Army wants to cover costs for small businesses to work in research labs

In hopes of attracting nontraditional defense business, the Army considers paying for their travel to research labs.

Small companies may get some new incentives to work with the Army and use the service’s labs for research.

Assistant Army Secretary for Acquisition, Technology and Logistics Bruce Jette says he’d like to subsidize travel expenses for some businesses so they can use the equipment in the Army laboratories for their work.

“What we are trying to do is knock down some of those barriers,” Jette said Tuesday during the NDIA Army S&T Conference in Washington. “We haven’t finalized it yet, but there may be a way we can do invitational travel just like in cooperative research and development agreements. What I want to do is make sure we don’t eliminate your participation because of things like travel. It’s really for small business.”

Cooperative research and development agreements (CRADAs) are formal agreements between one or more federal laboratories and one or more non-federal parties under which the government and the non-federal party jointly provide personnel, facilities, equipment or other resources to conduct specific research or development efforts that are consistent with the mission of the laboratory.

Jette hopes to create connections with small businesses through unofficial agreements that allow them to visit the labs, work and use facilities and equipment.

Jette’s plan is part of a larger push from the labs and the Army as a whole to engage more with small businesses.

Army Vice Chief of Staff Gen. James McConville said the Army is open to any and all businesses as it begins building up its Army Futures Command, which will completely overhaul the service’s acquisition process.

In 2014, the labs created the Open Campus Business Model, which started the collaboration between industry and the Army at the labs. The model allows the Army to enter into CRADAs and educational partnerships.

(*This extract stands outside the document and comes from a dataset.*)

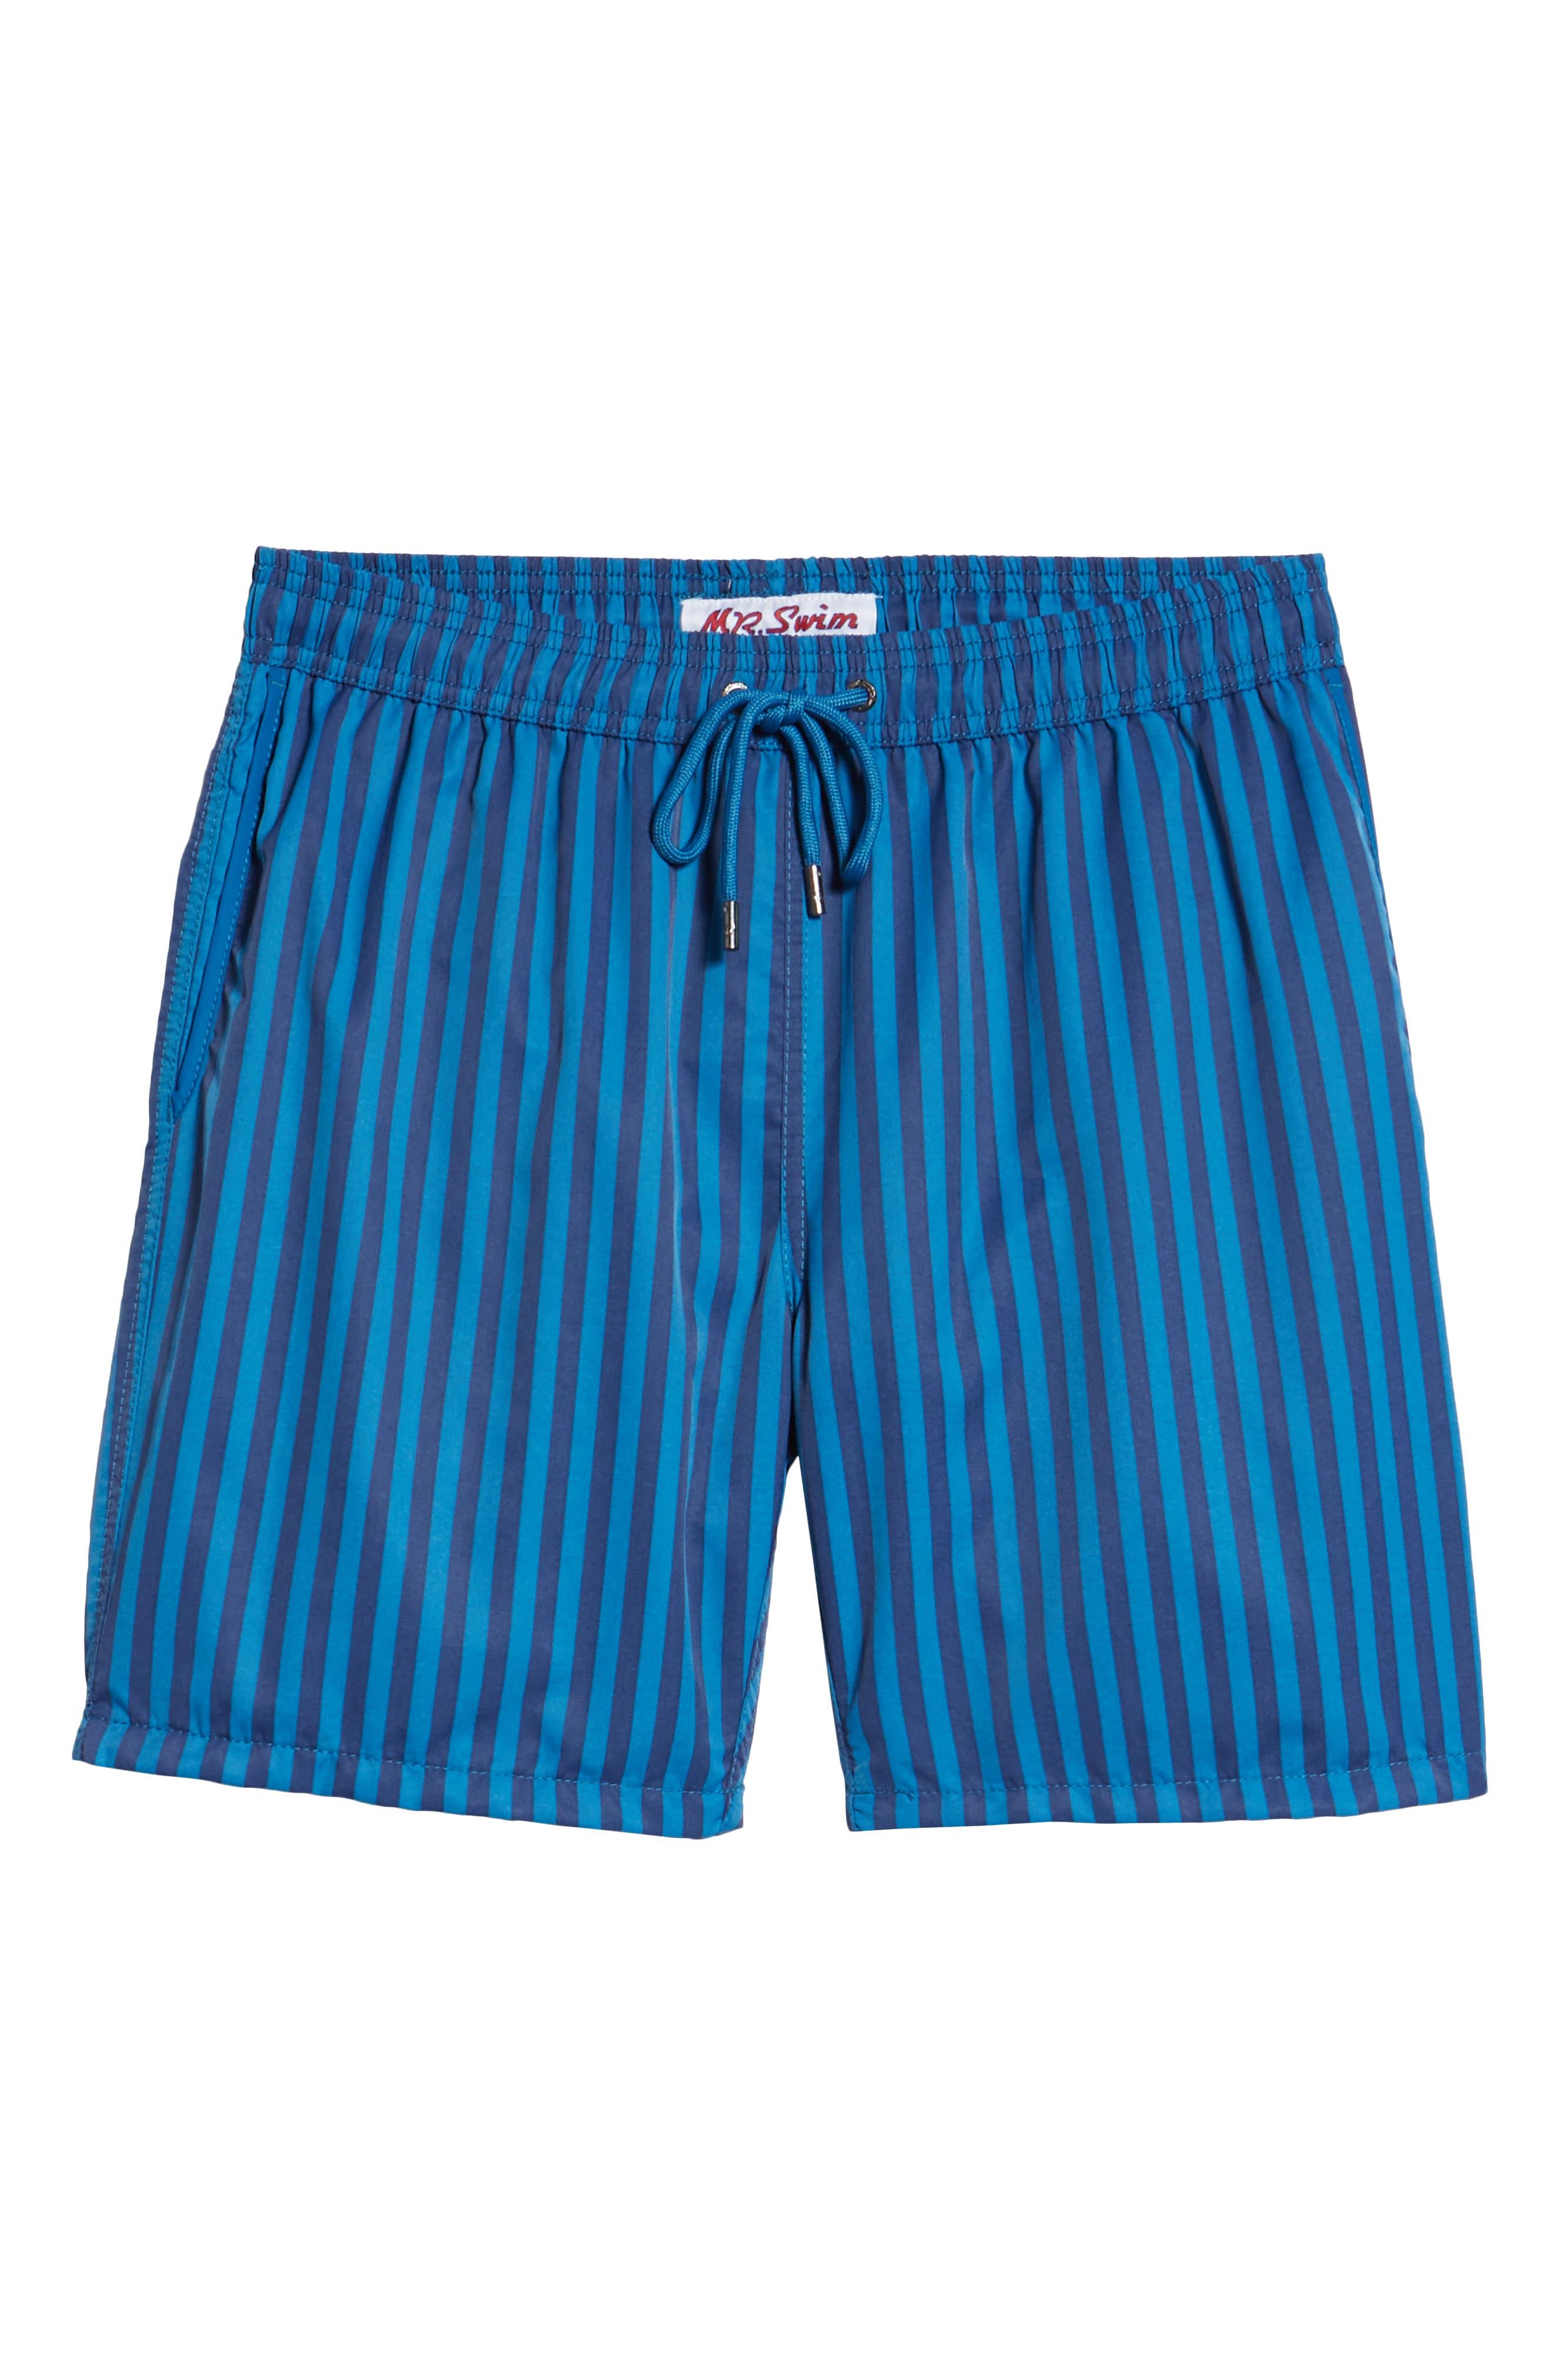 Mr. Swim Cabana Stripe Swim Trunks,                             Alternate thumbnail 6, color,                             NAVY/ ROYAL

“The Open Campus business model is really about building this network of the best and the brightest so that when we need them, we build a relationship with them and build a trusted relationship so when we do need them to solve very challenging Army problems, we know who to go to,” said Karl Kappra, chief of the ARL’s office of strategy management in an Aug. 9 press release. “We don’t know what we don’t know when we talk to these people and they’re there to tell us what their ideas are and we’re there to help them grow those ideas. These are all in the vein of looking for, to reach out to companies and looking for disruptive technologies.”

The Army wants that concept along with the possible subsidies to branch out to smaller, nontraditional defense companies and institutions.

Intellectual property

In another nod to small and nontraditional businesses, Jette said the Army is still working on a new  intellectual property policy.

“It’s still being scrubbed. It’s got to be scrubbed against the laws; it’s got to be scrubbed against the Federal Acquisition Regulation. It’s got to be scrubbed against the Defense Federal Acquisition Regulation Supplement. It’s got to be scrubbed against policy,” Jette said.

Jette’s IP plan encourages more dialogue with industry before contracts are signed and during the development process. Part of dialogue means signing nondisclosure agreements so companies can talk openly with the government.

It also involves creating clear lines of demarcation between the portions of technology that have been paid for by the government and those over which the vendor will continue to hold exclusive rights.

Jette said this may bring in smaller, nontraditional companies because they don’t have ownership over anything but their ideas. Therefore, they are more reluctant to share their ideas with the government without a promise.

He said in the past the Army was locked into working with a company because the service paid for the development idea. The government was then stuck with companies that went belly up or were sold to different companies.

“That’s not how commercial works and you all know that. We are going toward the commercial way of doing things,” Jette said.

Jette thinks licensing will be a better option for the Army.

“Show me the box. That’s your IP,” he said, describing the negotiation process. “Put that in the bid, show me what the limits of that is, and show me the functionality. I don’t want to know what’s in the box: that’s yours.  So tell me what you want to do for licensing. Do you maintain it? Do you want me to maintain it? Then, I’m going to design the box that goes next to it and interfaces with it. If I pay for it, I own it. If you pay for it, you own it,” Jette said in a previous speech in April.